Module 7: Understanding and Wrangling Data

This module provides an introduction to the interconnected nature of the data science pipeline. We consider how to ask research questions, pursue research goals, prepare data, and communicate results.

Module 8: Populations, Samples, and Statistics

How do values of a statistic vary from sample to sample? How does that depend on the sampling scheme? These questions will be answered in this module focusing on Populations, Samples, and Statistics.

Module 9: Statistical Inference for Populations

When we only have information from a sample, what can we say about the underying population? We will look at two inferential techniques that allow us to determine a range of reasonable values for an unknown population parameter or decide between two competing theories about our unknown population parameter.

Module 10: Linear Regression

This module introduces how to predict a quantitative response variable using a linear regression model given a set of provided predictor variables.

Module 11: Logistic Regression and Classification

In this module, we introduce the logistic regression model for predicting a categorical response variable with two distinct values. We discuss how to fit and evaluate a logistic regression model for machine learning purposes and how to use this model as the basis of a classifier.

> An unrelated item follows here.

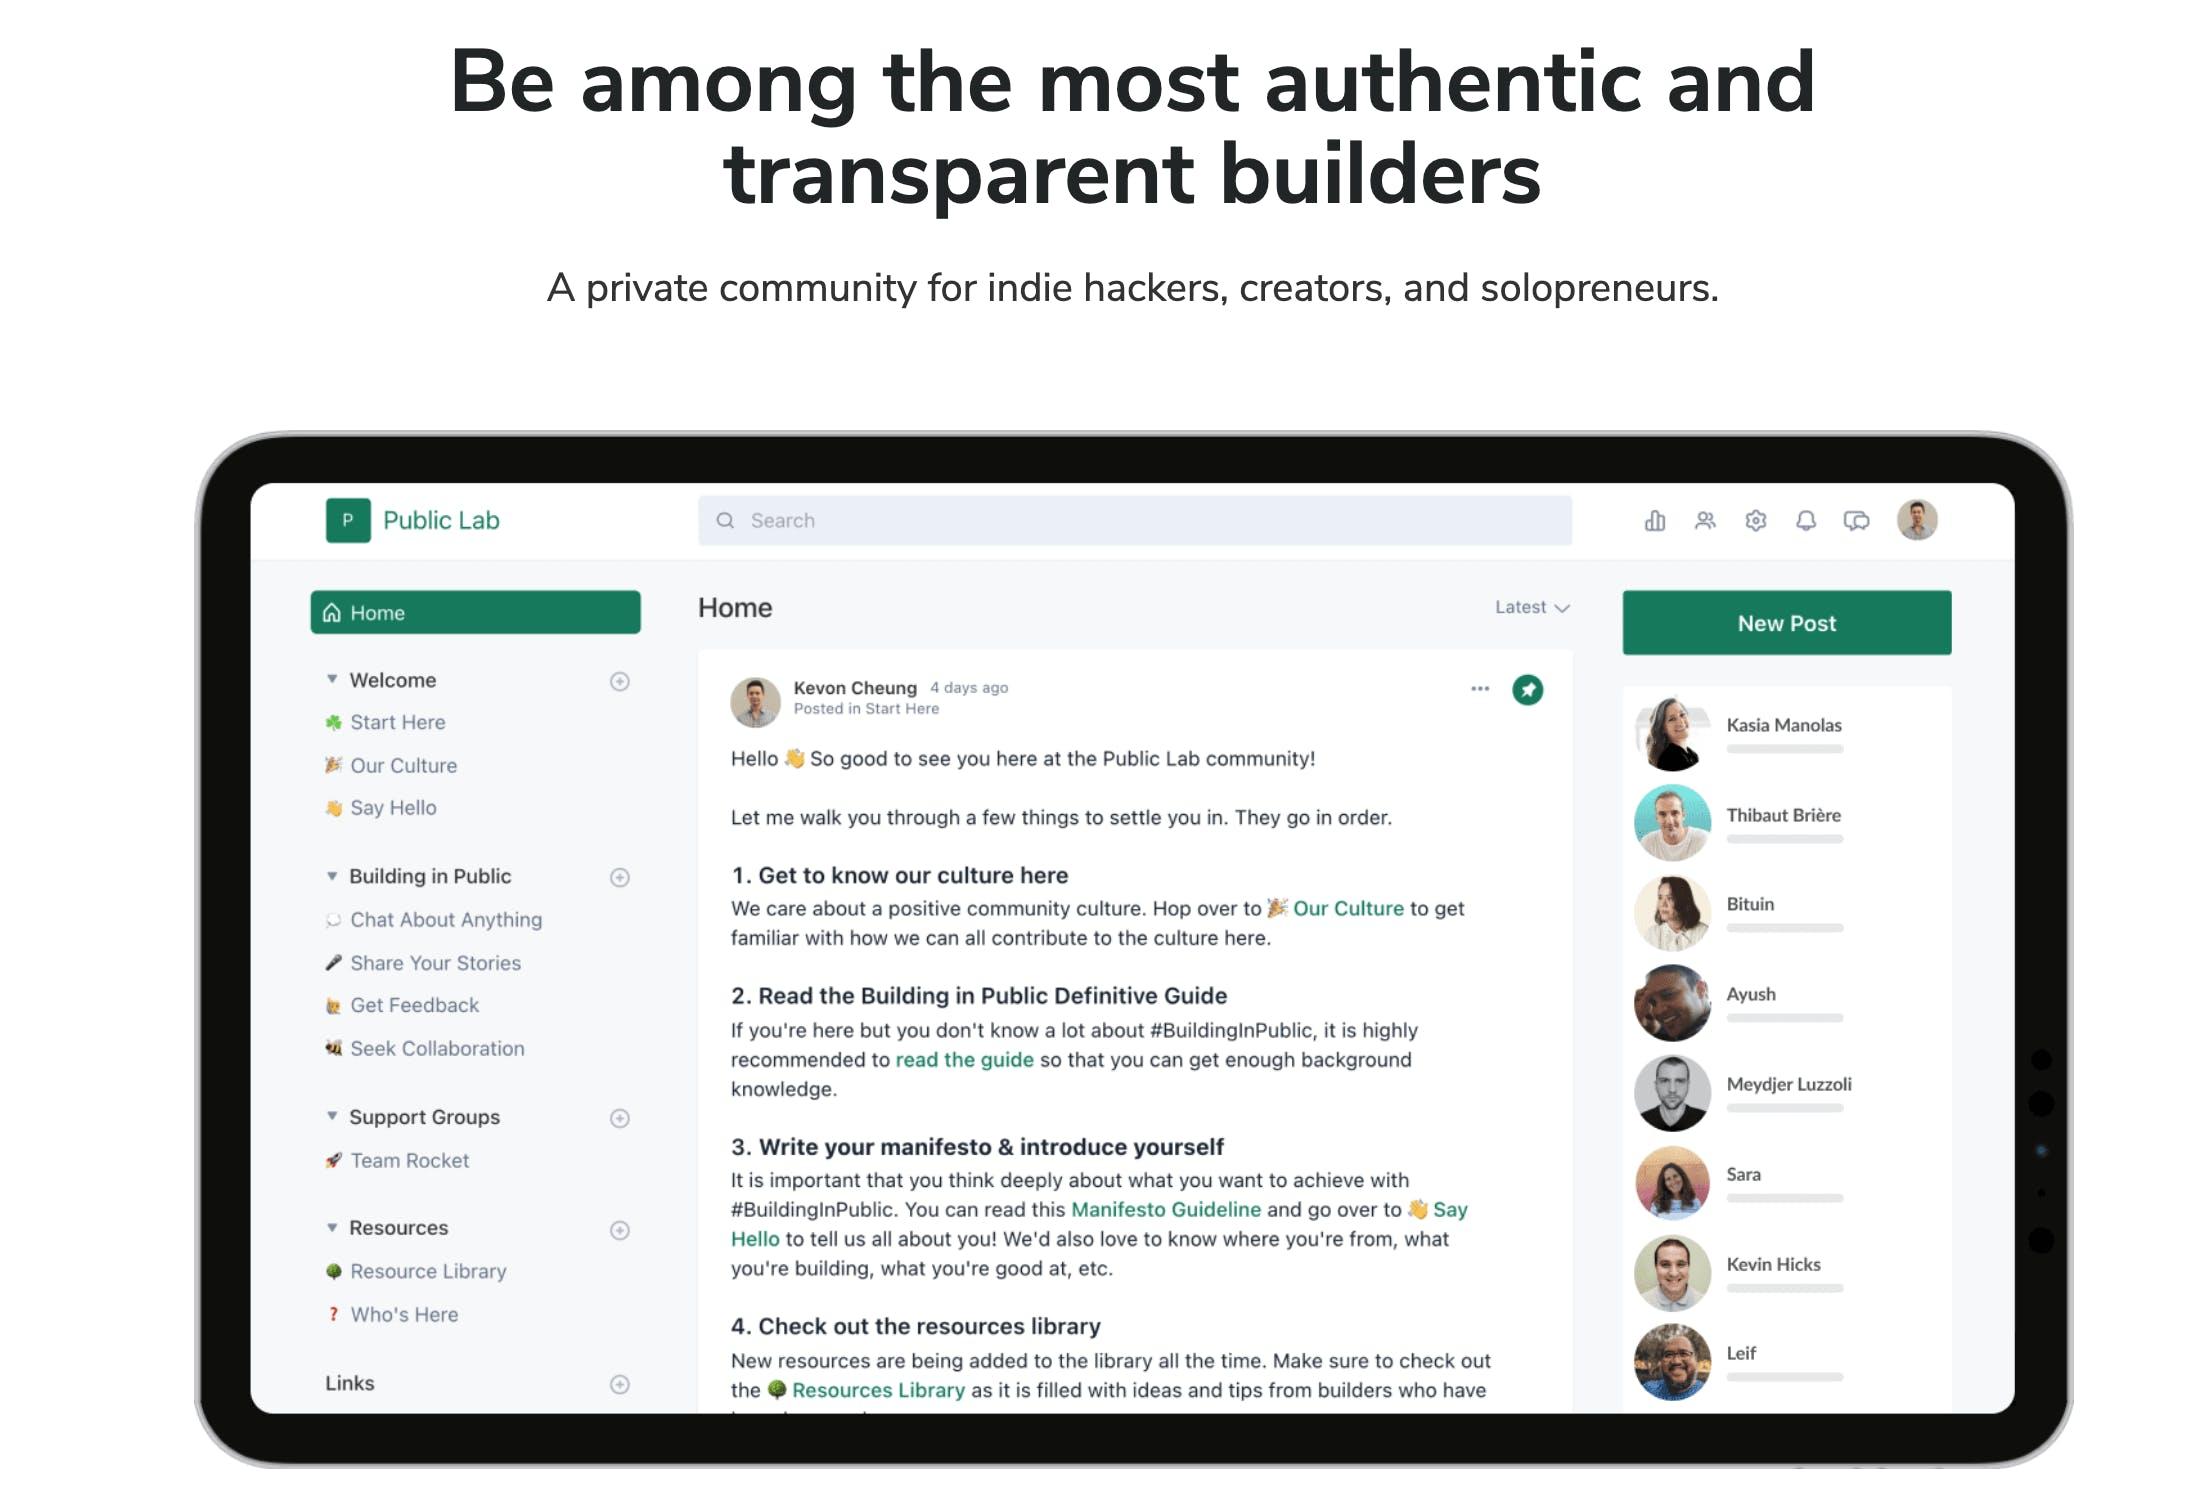 Public Lab community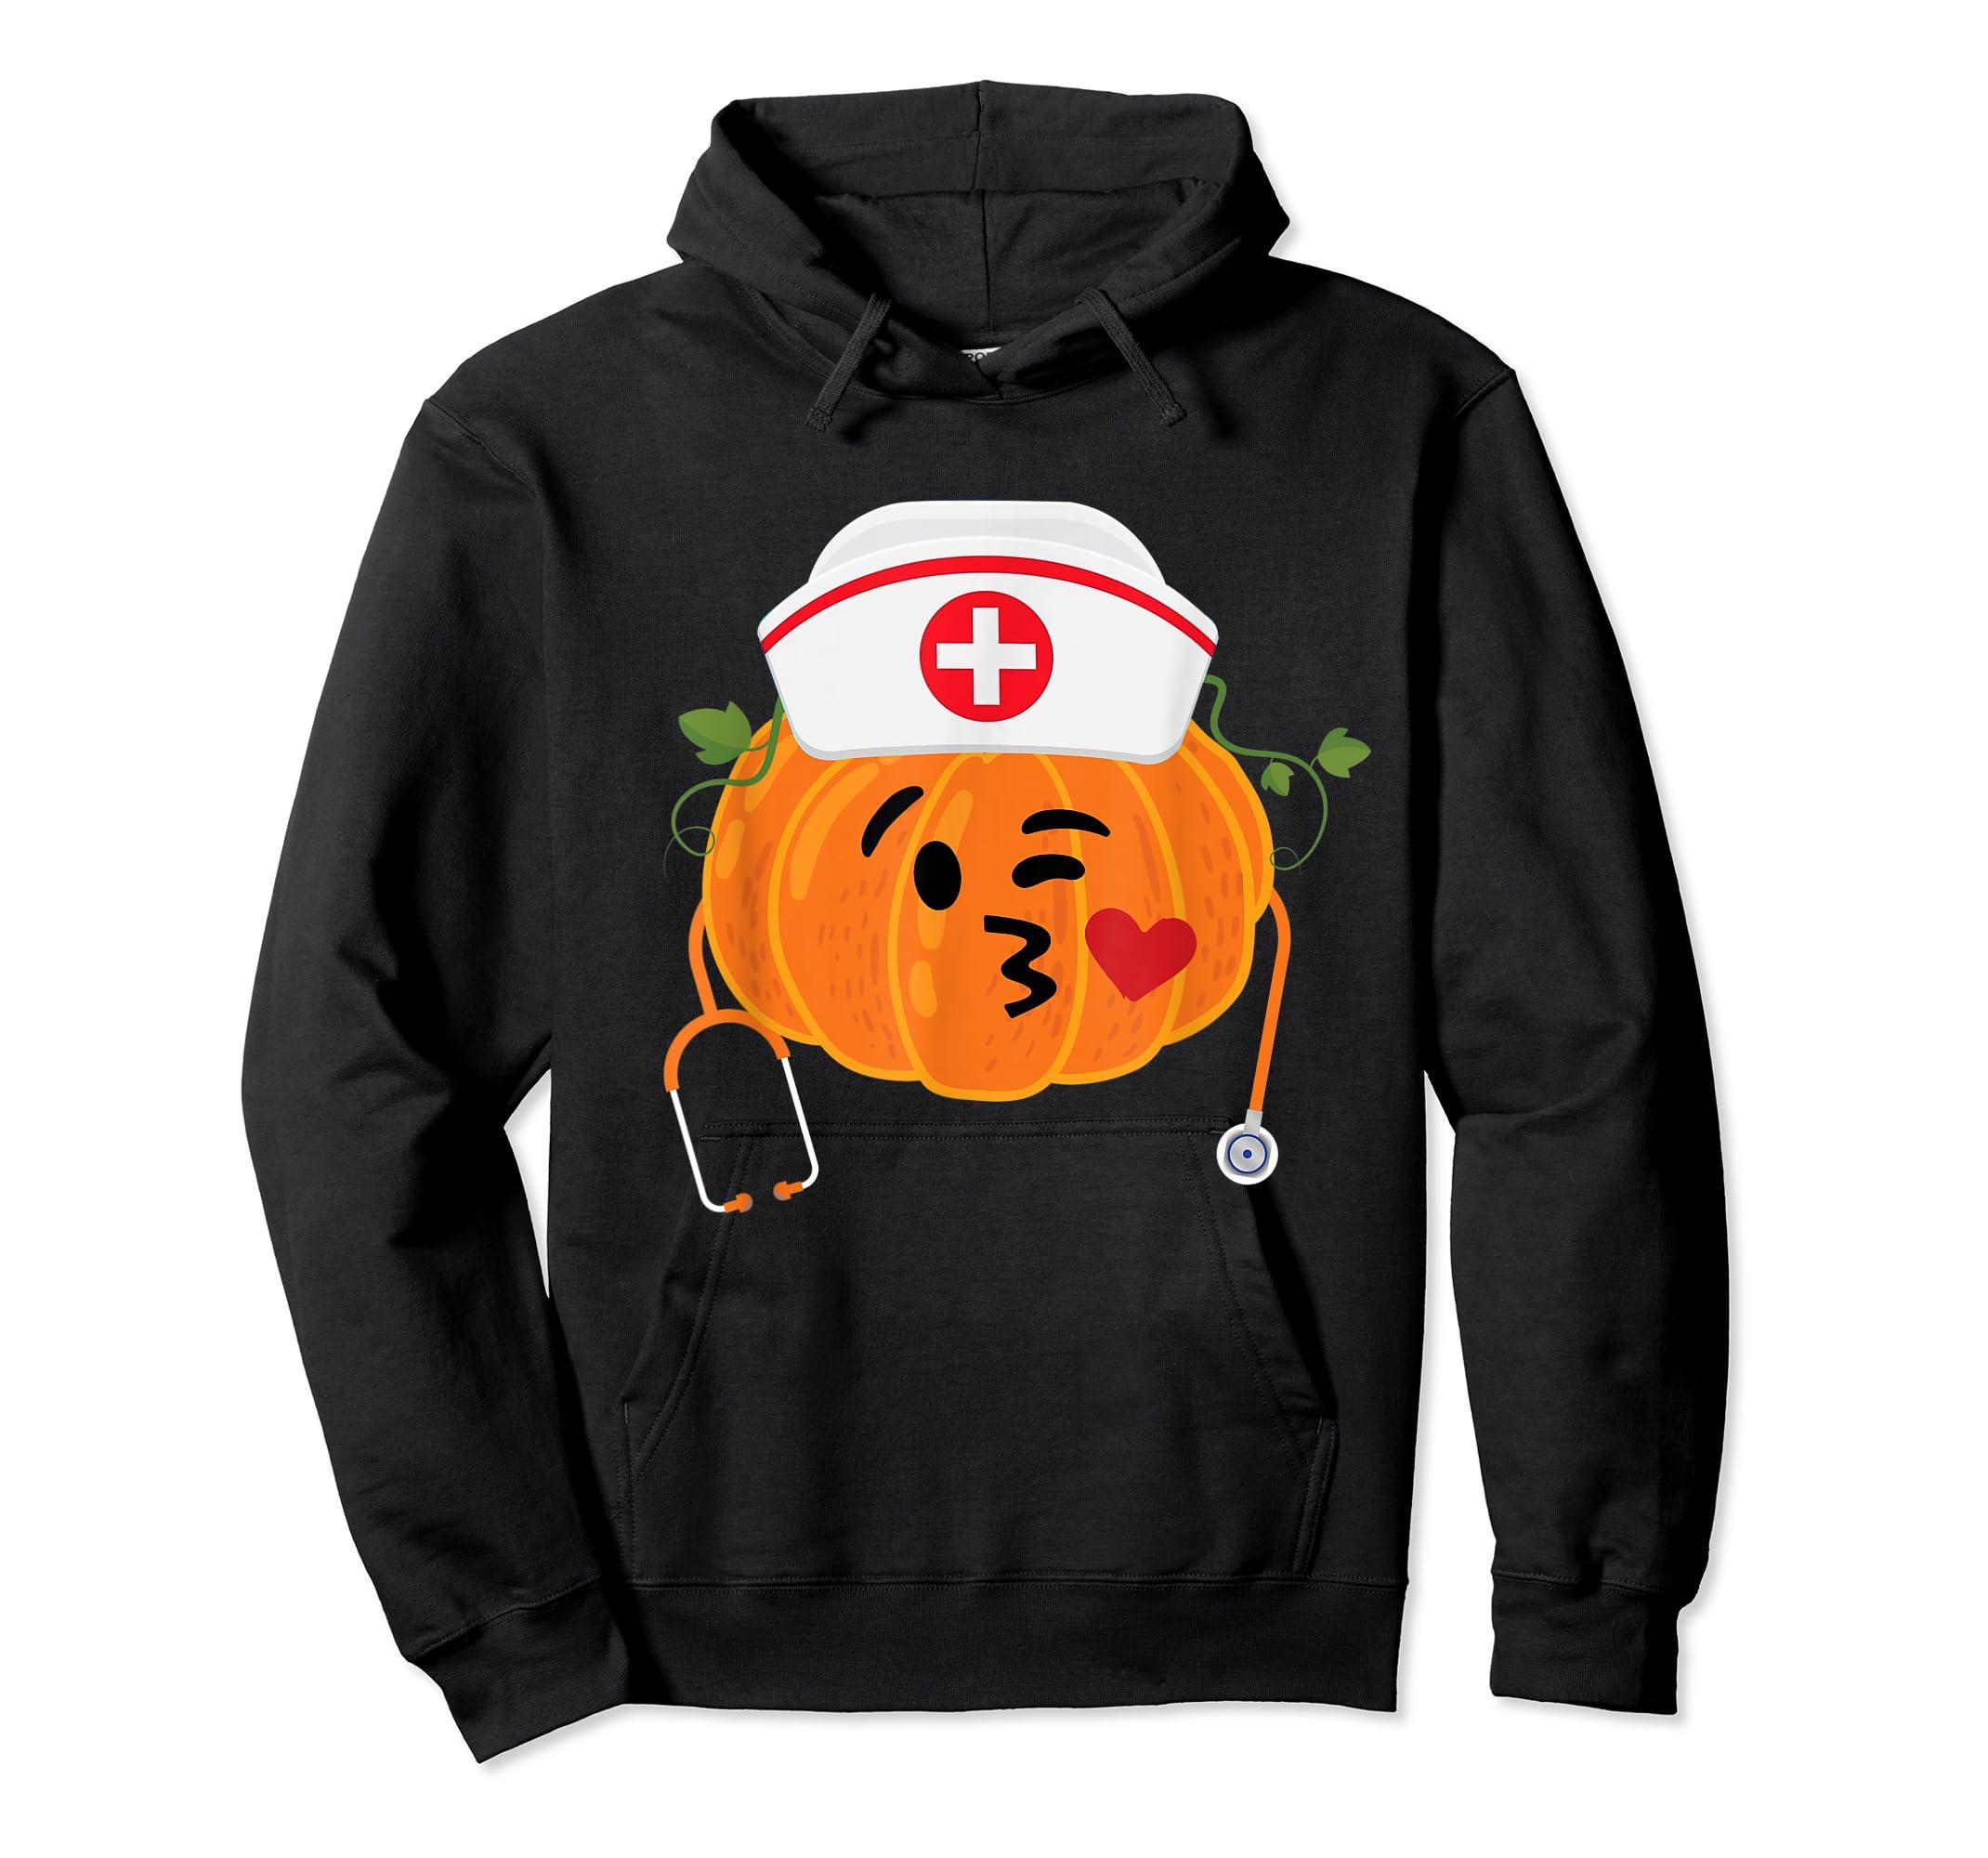 Nurse Stethoscope Pumpkin Funny Nursing Halloween Gift T-Shirt-Hoodie-Black

Module 12: Feature Selection and Cross-Validation Techniques

What does it mean to overfit a predictive model? How does an overfit model impact our ability to pursue machine learning goals? We explore ways of attempting to find the optimal combination of explanatory variables that best meet our machine learning goals for a predictive model.

Module 13: More Machine Learning Methods

This module provides a deeper dive into some selected machine learning methods. This provides additional materials for a motivated student interested in deepening their awareness of machine learning methods.